Oracle disk IO latency on EC2
A colleague pointed me to this blog post , in which one attendees at a cloud computing panel described disk IO in the cloud (presumably AWS) as "punishingly slow".
We use EC2 for testing purposes here in the Spotlight on Oracle team, and generally we’ve been pretty happy – at least with throughput. Latency is a bit of a mixed bag however. Here’s a typical db file sequential read histogram from one of our bigger EC2 instances (from Spotlight on Oracle):
We do a fair bit of benchmark related workloads, so of course we often overload the disks. However, the two peaks in the above chart are interesting. The 1 ms peak is clearly caching of some form – disks simply cannot return blocks of data in 1ms for random reads given rotational latency, etc. The 1 ms disk reads are probably coming from a non-volatile cache incorporated with the virtual disks (and yes, Oracle was configured with filesystemio_options set to ‘setall’, so filesystem caching was not in effect)
The 16ms peak is poor if that represents the actual physical service time of the disk; but it might be due to overloading the disks and creating some queuing. Let’s try and find out.
When you create an EC2 instance, by default your storage is “ephemeral” – non permanent. It’s more sensible therefore to create datafiles on Elastic Block Storage (EBS) devices that will not evaporate should your instance crash. I was interested in the relative performance of both. You probably never want to store tables on ephemeral storage, but maybe they could be used for temporary or index tablespaces.
I created two tables, one on a EBS backed tablespace and one on ephemeral storage. The table had a 7K row length, so each row was in a block of its own. I then retrieved blocks from the table in sequential order after – of course – flushing the buffer cache and making sure filesystemio_options where set to “setall”. The primary key indexes were on separate tablespaces, so we’re only seeing the IO from the table reads.
These first results were very good (this is from V$FILE_HISTOGRAM):
These results show that Ephemeral is a bit faster than EBS, but that EBS still seems VERY fast.
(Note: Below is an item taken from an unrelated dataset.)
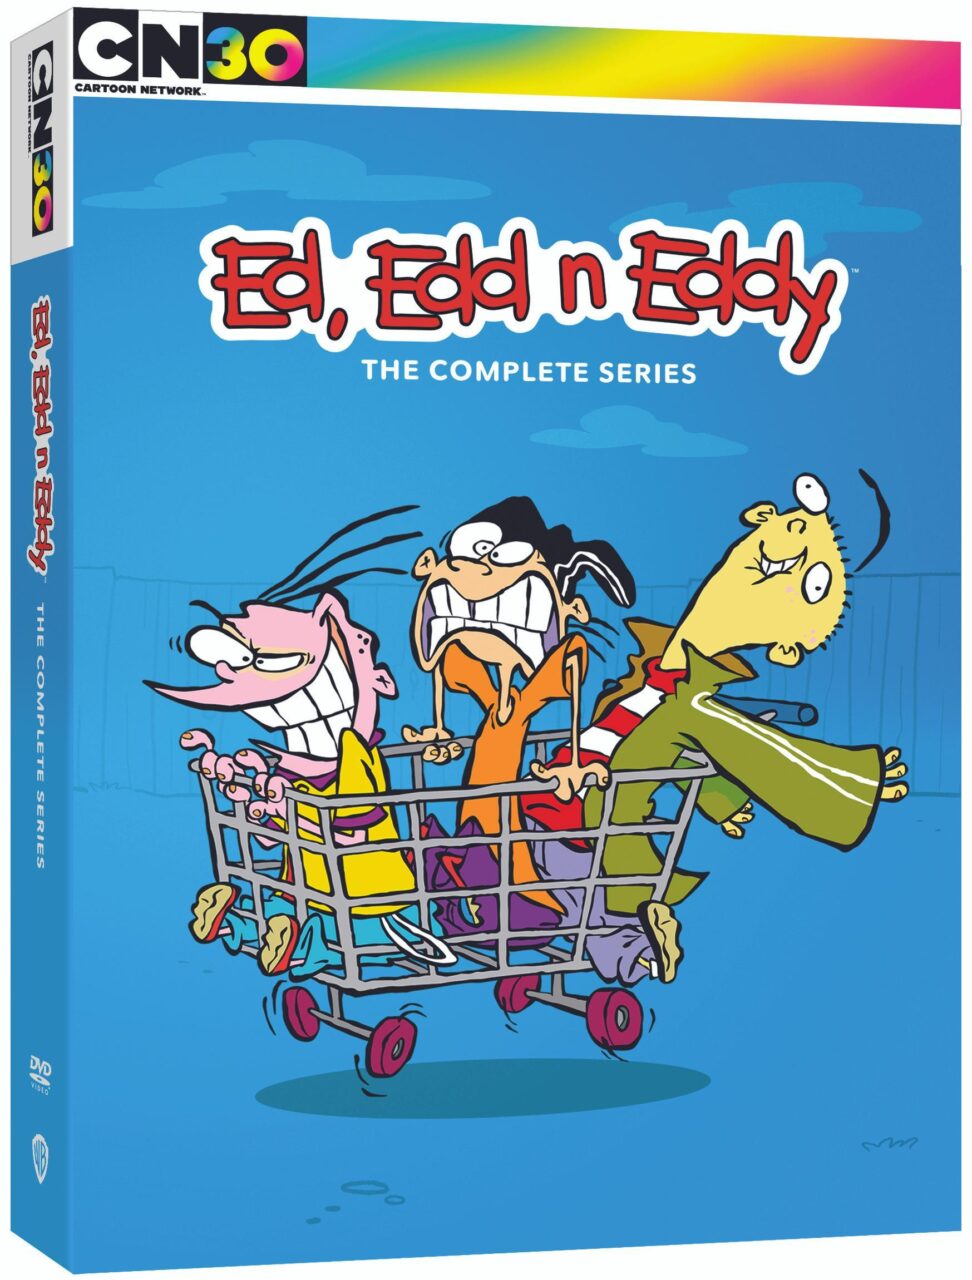 Ed, Edd n Eddy: The Complete Series (Cartoon Network/Warner Bros. Home Entertainment)

Too good to be true in fact: must be some caching going on in the EBS storage layer.
I restarted the instance (and database of course) and waited a few hours. Hoping that whatever cache exists had been purged. However, the results were not much different. Perhaps my 8K block reads were piggy-backing on a larger block size in Amazon storage? So the first time I read an 8K block it takes 4-8ms, but when I then read a "nearby" block, it's already cached?
So next, I tried performing random reads on a really massive table to try and prevent this sort of caching. I used SQL trace to capture all the db file sequential read times. The following perl snippet was used to collect the distribution of IO times (77203 is the obj# of my test table):
Now we see something that looks like it might reflect more accurately the non-cached EBS response time:
These times aren’t that great, but aren’t totally outside the range of what we’re used to in JBOD (Just A Bunch Of Disks).
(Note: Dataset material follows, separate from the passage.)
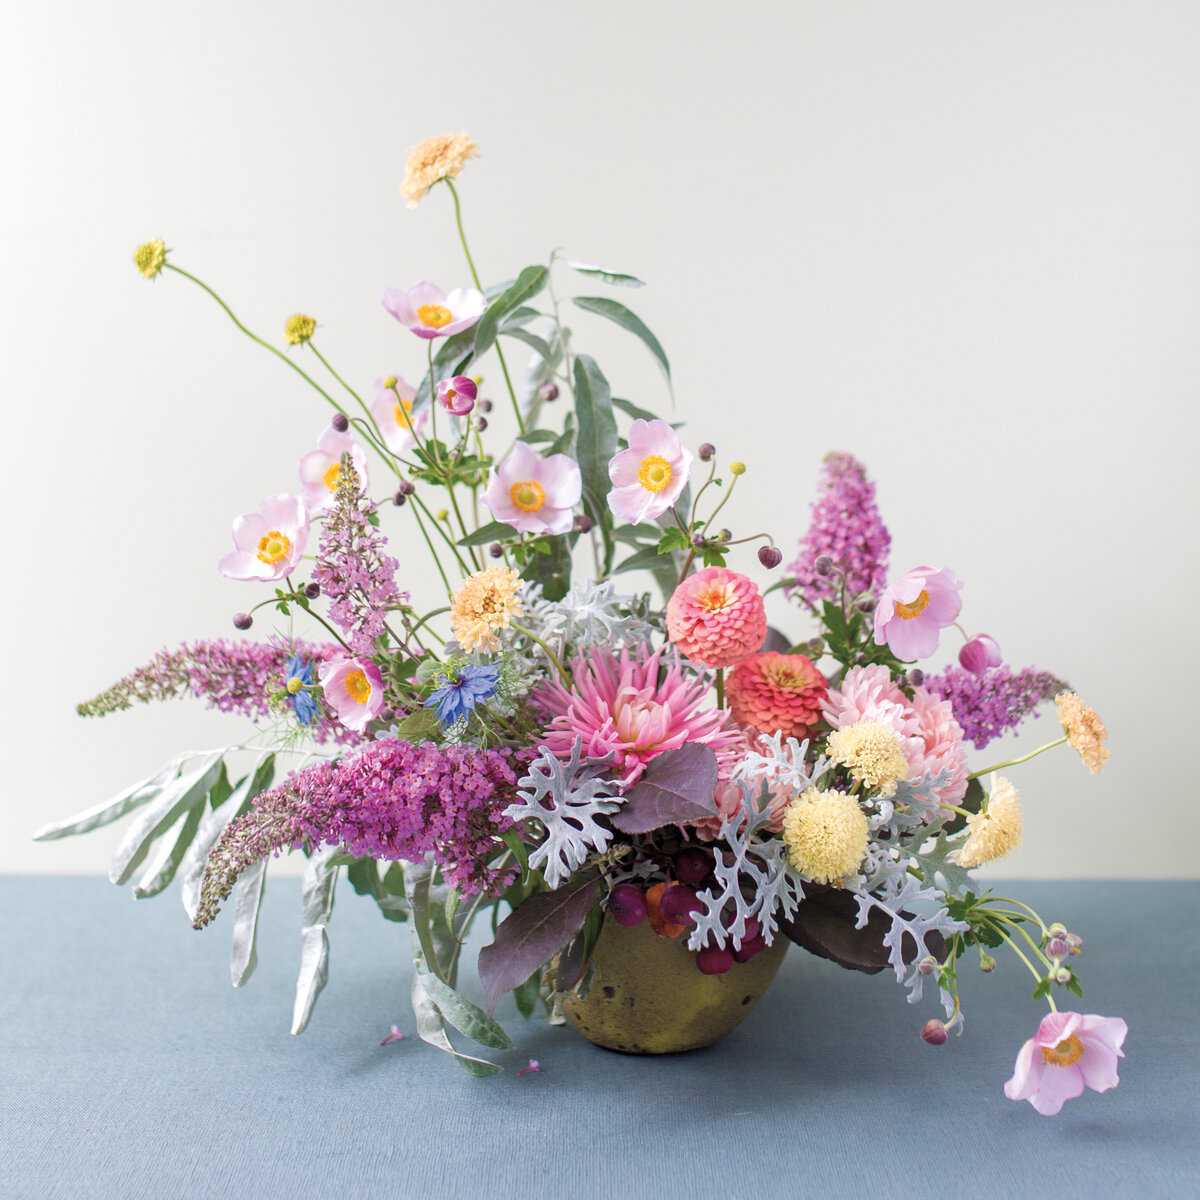 Atelier-Carmel-Wedding-Florist-GALLERY-Arrangements-10

So based on this little bit of research, here’s my current take on EC2 IO latency:
- The underlying disk system implements some form of caching: as a result disk reads often appear to be super-fast if they are pick up data in the storage cache. For a typical database, this will make some proportion of single block reads appear to complete in 1ms range.
- When the cache is bypassed, latencies of between 4-10 ms can be expected.
- Ephemeral storage appears to be somewhat faster that EBS. You'd be nuts to put any data you wanted to keep on ephemeral storage, but maybe we could consider using it for temporary tablespaces.
I did a little bit of work on throughput while writing Oracle Performance Survival Guide. Here's a chart that shows an attempt to push up read throughput on an EBS based tablespace:
I really need to spend some more time benchmarking throughput, but based on this simple test, it seems like you can get a couple of hundred IOPS out of an EBS filesystem before latency starts to run away.